Impressive Technique … But

Alessio Bax was the pianist. The Italian-born American resident possesses a formidable technique, best displayed in the opening to the concerto with its resonant low notes, and in the frisky passages in the finale. There is no question that it wowed the audience. In my view, however, he may place too much emphasis on technical skills, and not enough on the poetry of performance. This was exemplified in his choice of encore, Georges Cziffra’s arrangement of Brahms’ Hungarian Dance No. 5, a supremely flashy extravaganza that, with astonishing but silly virtuoso antics, does violence to Brahms’ melodic intent.

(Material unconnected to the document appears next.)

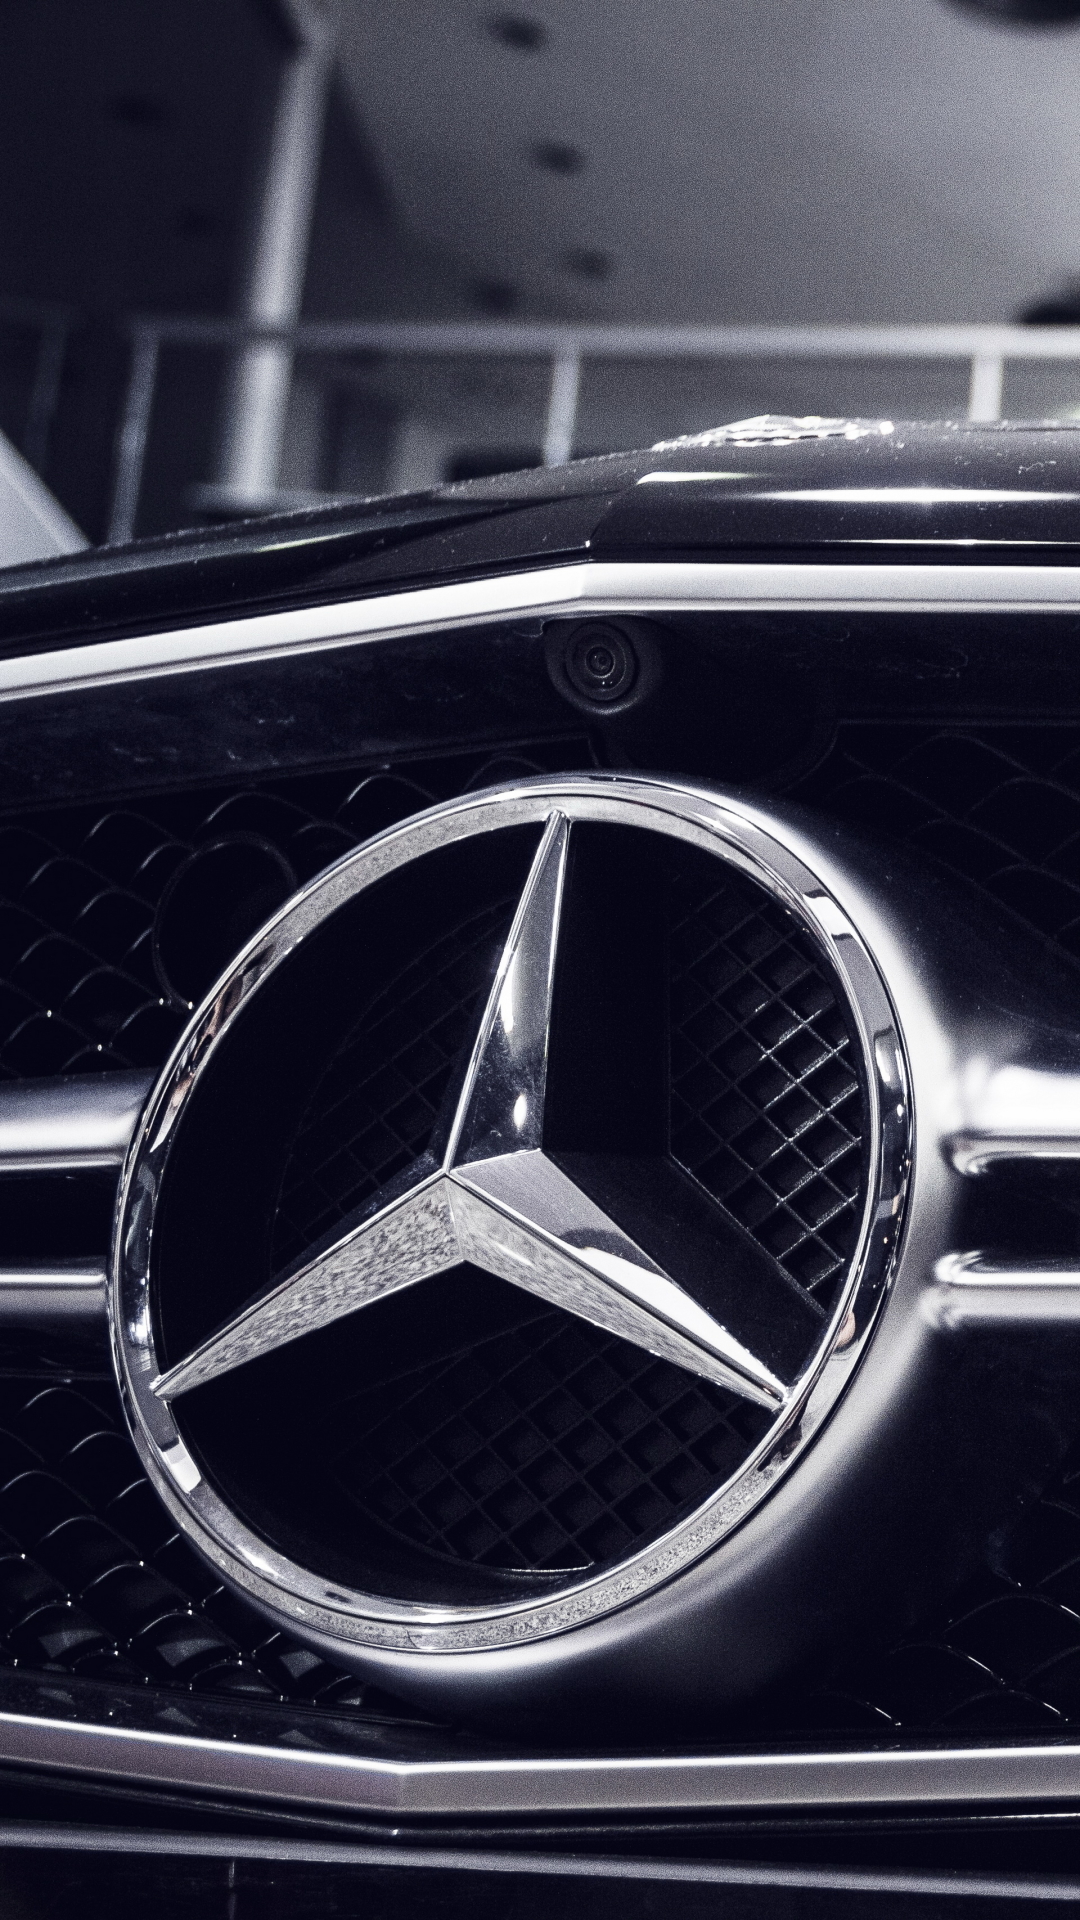 Скачати мобільні шпалери Mercedes Benz, Транспортні Засоби, Mercedes Benz S63 Amg безкоштовно.

I’ve been promising myself to quit harping on the acoustics of Zellerbach Auditorium — what can be done? Some reflective panels were present, and actually helped somewhat. An unpleasant surprise, however, occurred in the finale of the Rachmaninov, when the lightest taps of cymbals shot out like crashes. Was this effect checked out during rehearsal?

Make no bones about it, it was not one of the most memorable evenings among the many I’ve enjoyed here.